The automatic Docker path uses a fast docker container inspect check. If the configured container is paused, it runs docker container unpause; if it is missing or stopped, it runs docker compose up -d --build searxng.

Publishing

The repository includes GitHub Actions for CI and PyPI publishing. The publish workflow runs on every push to main and on manual dispatch.

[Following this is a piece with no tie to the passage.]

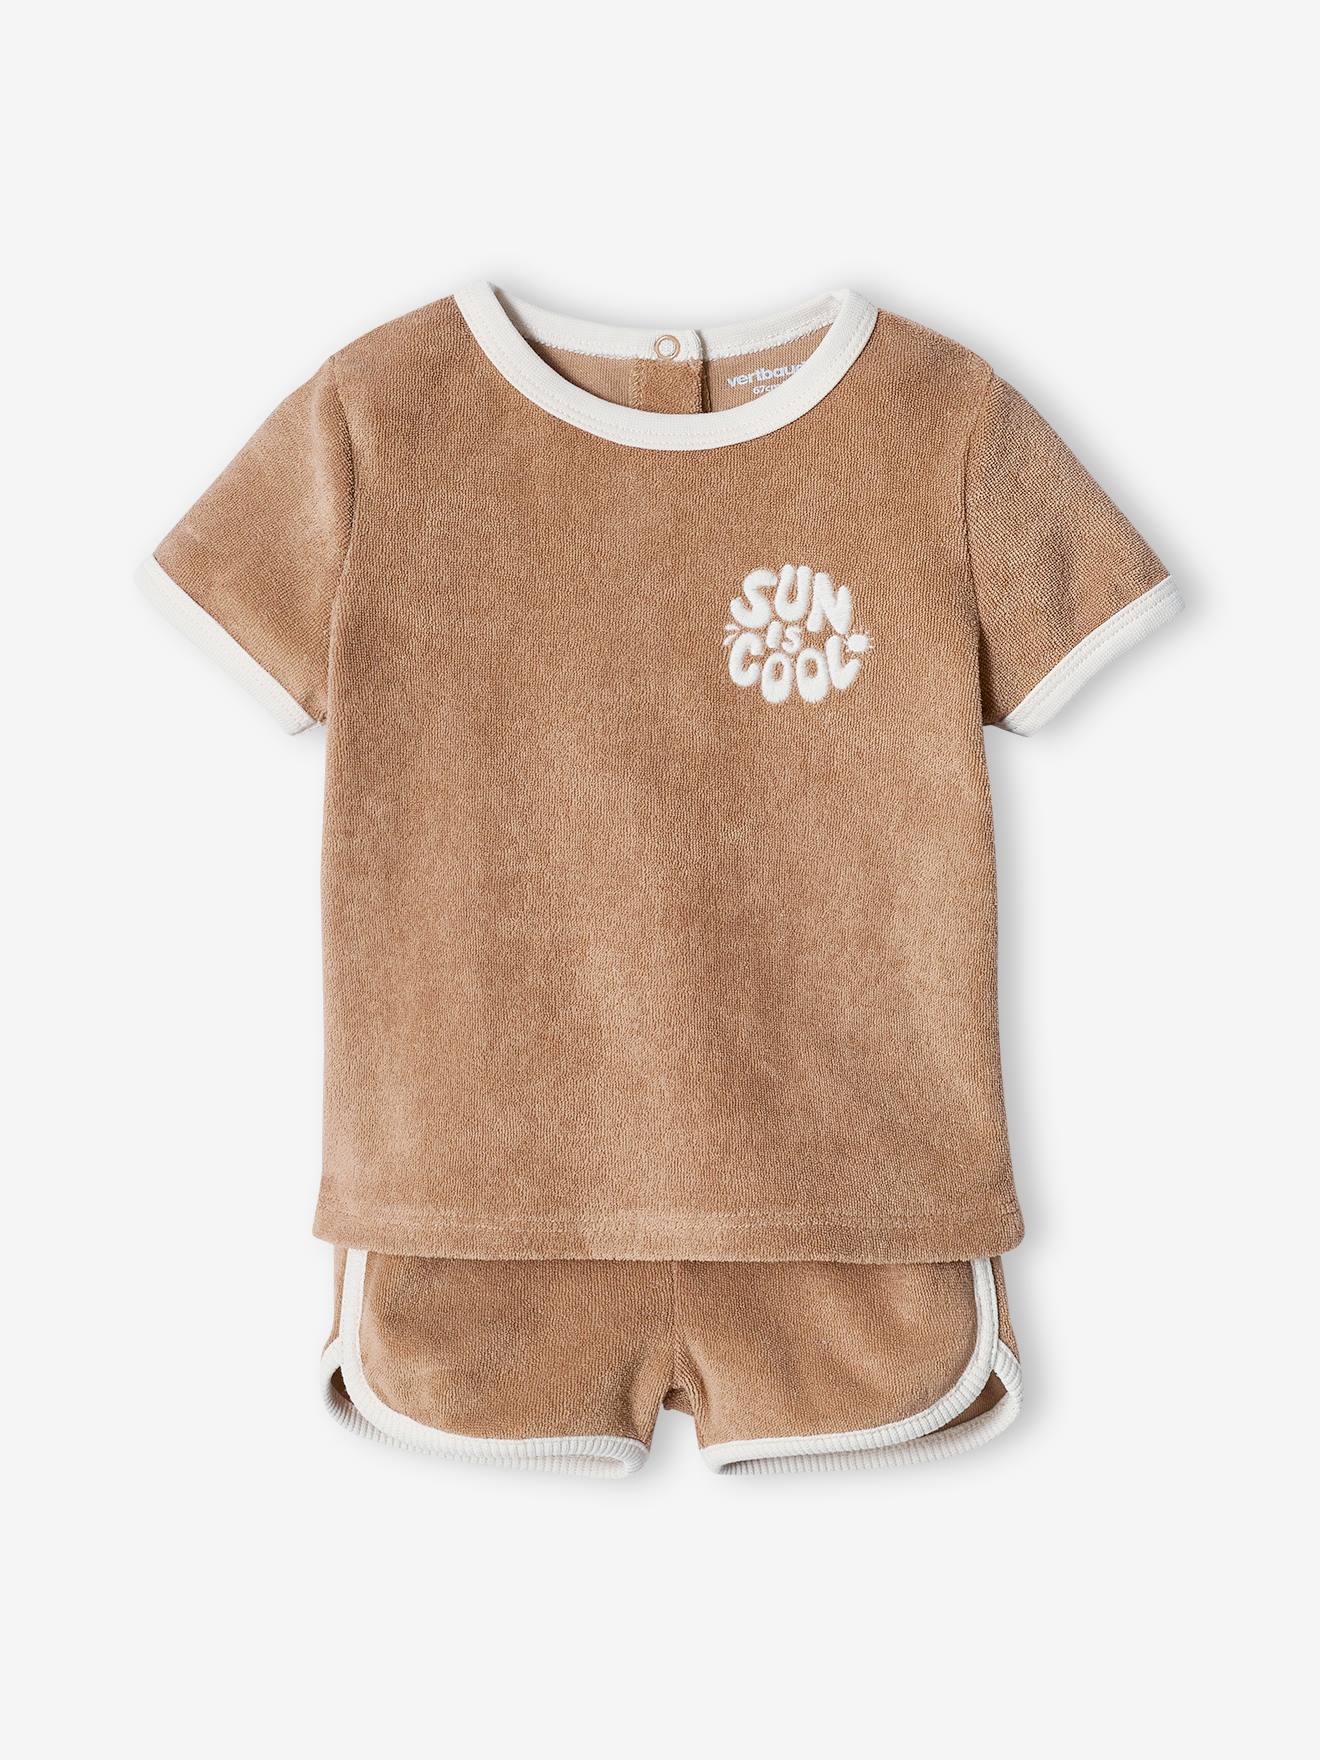 https://media.vertbaudet.com/Pictures/vertbaudet/255989/terry-cloth-shorts-t-shirt-ensemble-for-babies.jpg
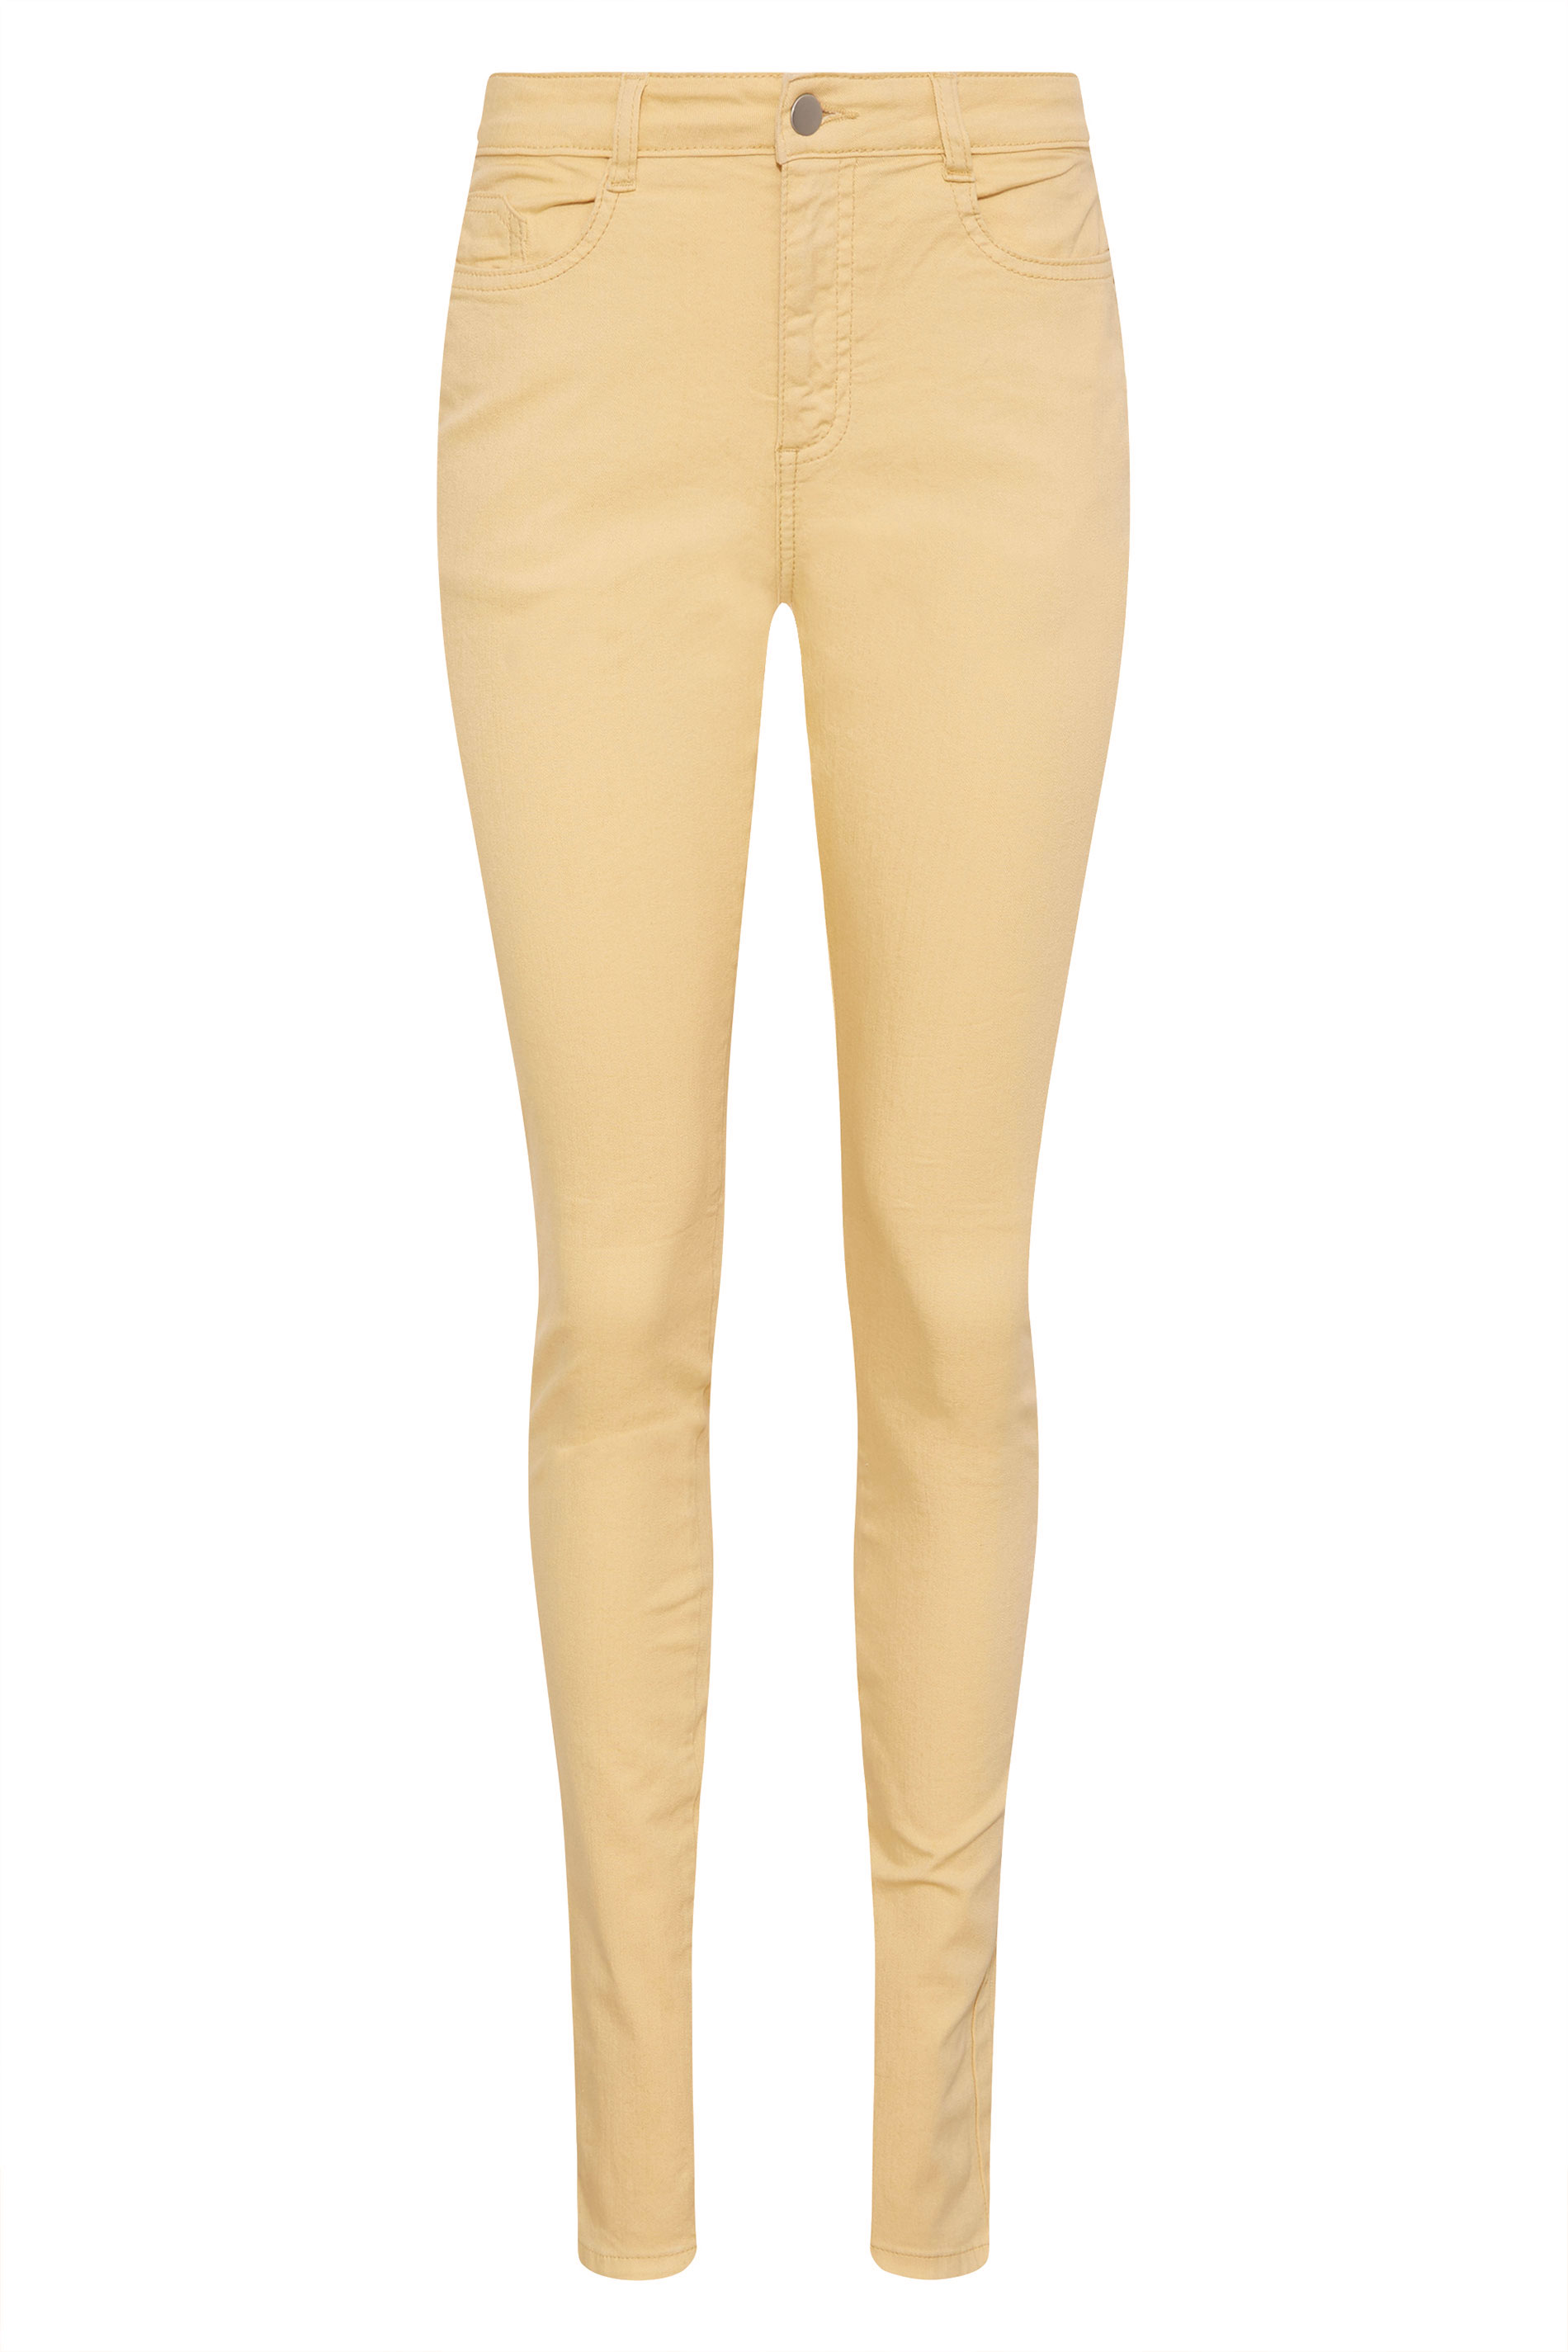 LTS Tall Women's Yellow AVA Skinny Jeans | Long Tall Sally

It checks PyPI for existing local-web-search releases, bumps the patch version if necessary, commits that version bump back to main, then builds and publishes with PyPI Trusted Publishing.

To enable publishing, add a PyPI Trusted Publisher for:

  • PyPI project: local-web-search
  • Owner: maestromaximo
  • Repository: local-web-search
  • Workflow: publish.yml
  • Environment: pypi

License and Notices

Local Web Search is licensed under the Apache License 2.0.

SearXNG is a separate service licensed under the GNU Affero General Public License v3.0 or later. Crawl4AI is licensed under the Apache License 2.0. See THIRD_PARTY_NOTICES.md for details.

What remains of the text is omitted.